Q: To some extent, did you pre-empt Radiohead when you said you were considering releasing your next album without a conventional record company?

Gabriel: "Yes, but I hadn't conceived of the 'pay-what-you-want' thing, which I think was very brave. Clearly they're at the peak of their career, so they can rely on a certain number of fans.

"Deluxe packaging is something I've been talking about for a while -- I do think that's going to work, where people get something for nothing, a regular package for a reduced cost, then a deluxe or handmade item above that."

Q: Since 2005, you've also been working on TheFilter.com. What's that about?

Gabriel: "It's a recommendation engine of sorts, but my dream there, which I'm still pushing hard for, is a mixer that you can stick anyone in, whether it's (a recommendation from) a favorite artist, a magazine, your friend, someone who looks like they've got interesting taste, and you (could) just press a 'do it' button and get a combination of people's tastes. At the moment, it makes recommendations for you based on what you like."

Q: You admire new technology not for its own sake but for what it can do to connect the world, don't you?

Gabriel: "Yes, I'm passionate about it; actually, I've been spending more time on that than music stuff in this last year. We've got this thing called TheElders.org up and running, and the Hub at (human rights organization) Witness, which is intended to be a sort of YouTube for human rights.

"The Elders is extraordinary: respected people, like (Nelson) Mandela and Kofi Annan, that are beyond career-building but still have leverage and respect and wisdom, which is still an underused natural resource.

"I'm also trying to push a thing called Face the World, which is a serious attempt to get every living face online. With Google Earth, I can pretty much zero in on any living tree, but I can't zoom in on any living face.

"It's only part of the process, but being able to hear people and listen to what's going on is the first step in any healing process."

Q: Will the mobile phone play a role in connecting people from different cultures?

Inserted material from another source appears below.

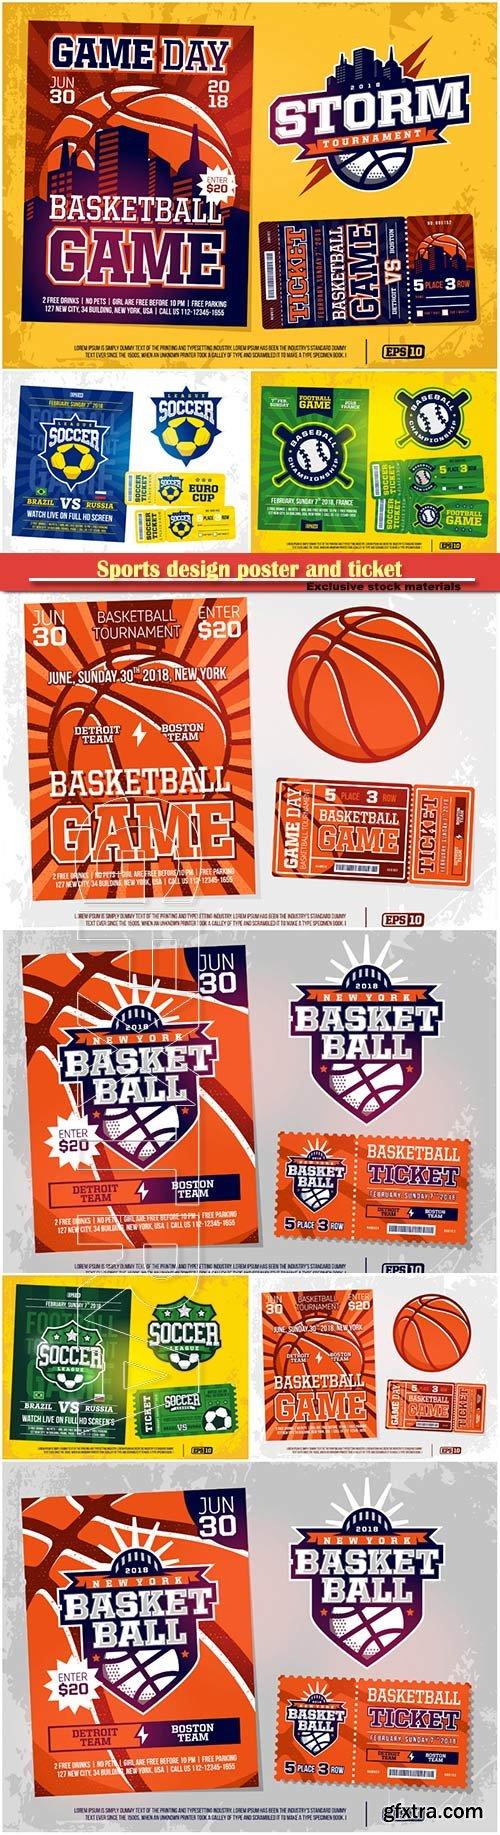 Sports design poster and ticket and emblem for baseball, soccer, basebal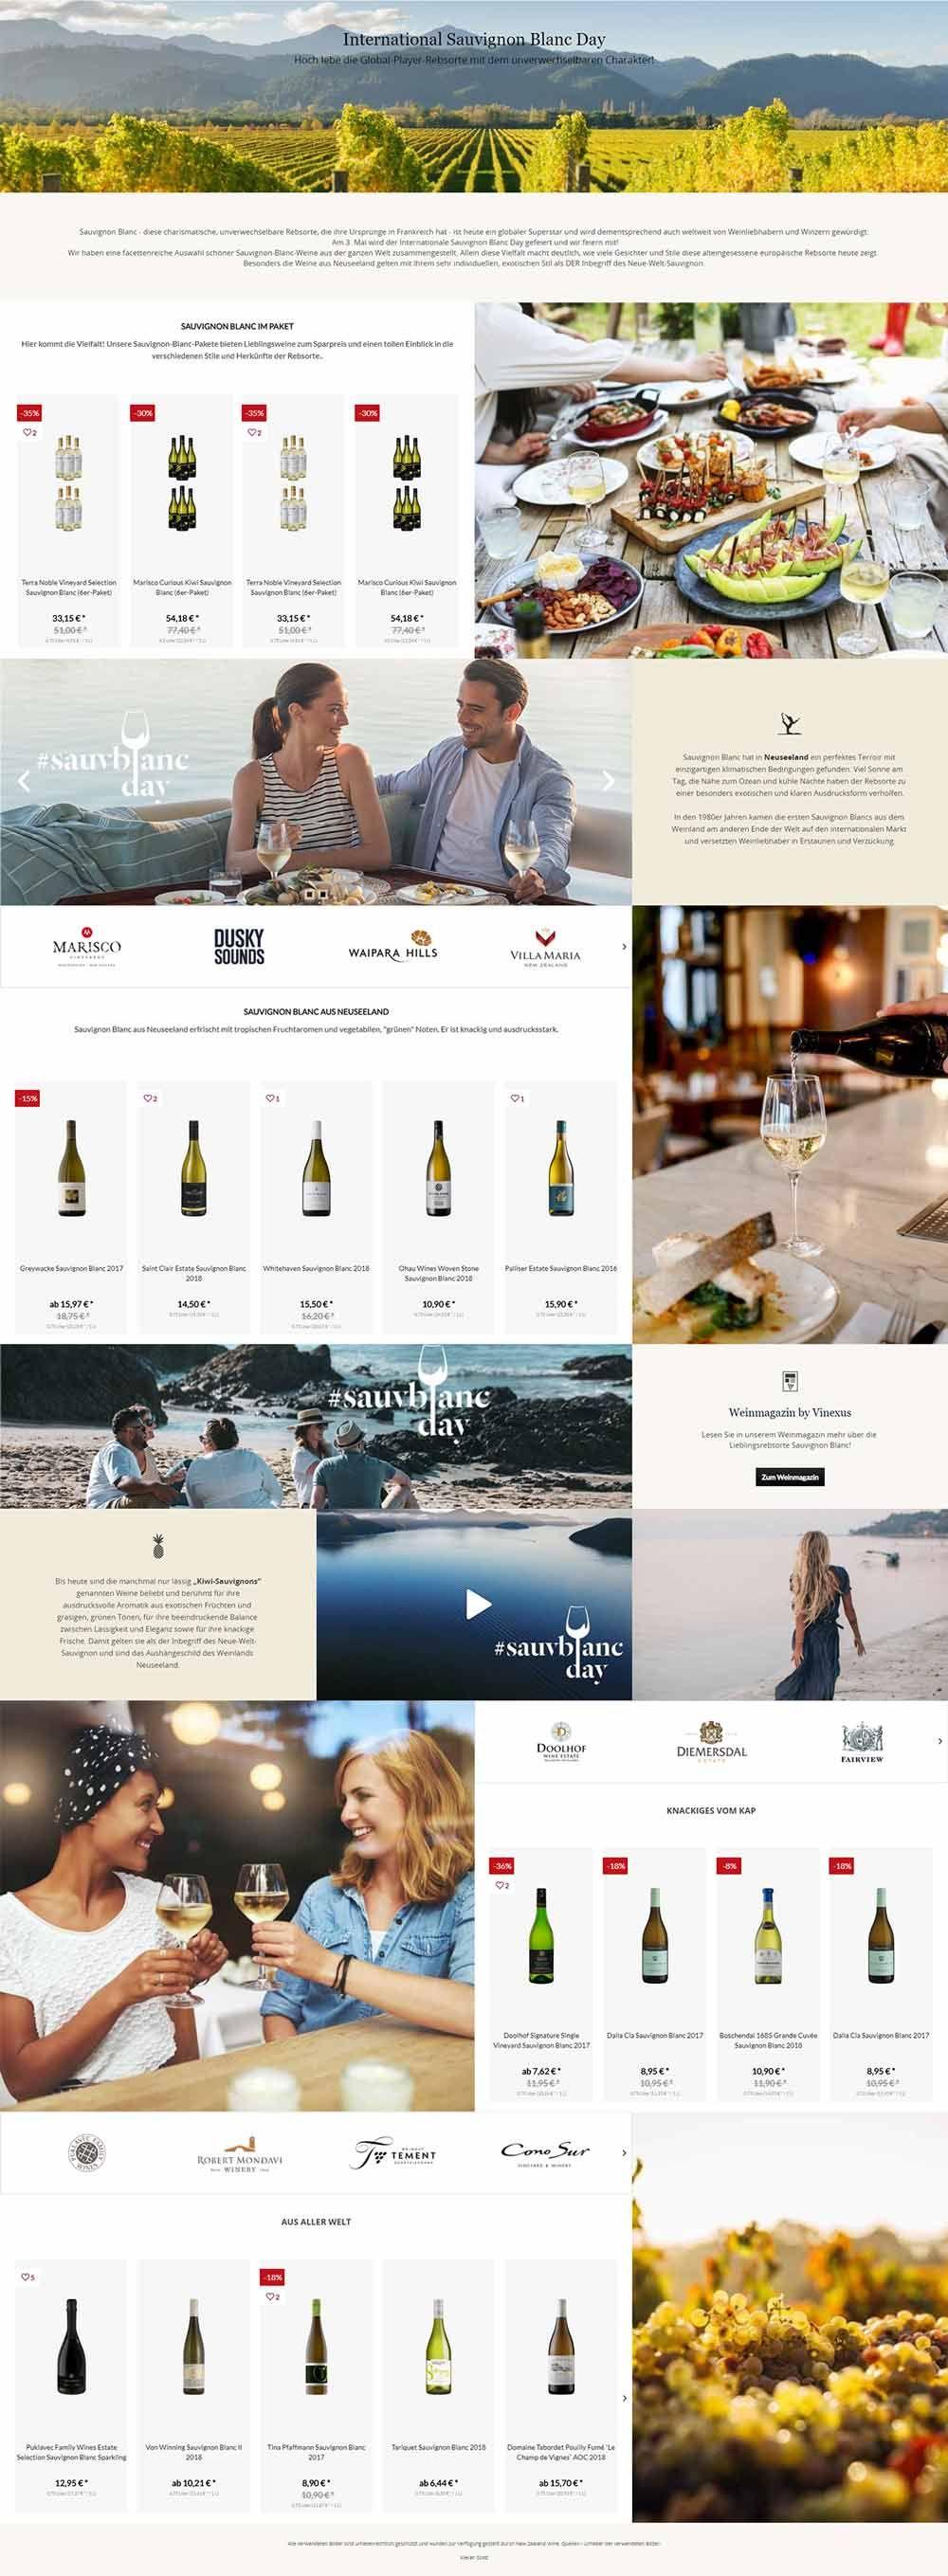 Vinexus Sauvignon Blanc Day Landingpage

Gabriel: "There was a 'Geek Week' on Channel 4 (on U.K. TV) where they tried to find a Masai tribesman without a mobile, and couldn't. Then they interviewed this fantastic Kenyan girl and asked her, 'What's going to change things in Africa?,' and she picked up her mobile phone. The interviewer said, 'I don't really believe in a single technological fix,' and she said, 'Oh, you don't believe in the wheel? Or fire?'

"In the Mandela Foundation, they gave mobiles to coffee growers in Zimbabwe, who were getting continuously ripped off. The very next day, they were getting the latest prices from Chicago, and suddenly could do a deal related to the current price."

Q: Did you get to see any of the shows on the Genesis reunion tour?

Gabriel: "I didn't. I was trying to get to the Rome (show), but if they do another (tour leg), I'll try to get there.

"We had discussions about (my taking part), but the time commitment they wanted was growing, and I knew with trying to get the Elders going, I wasn't going to be able to do both. I'm not in principle against the idea of doing something."

Q: How's the new album coming?

Gabriel: "Very slow at the moment. I've been heavily distracted, but I'm determined now to get back into it, and some new songs are coming through that I'm very happy with."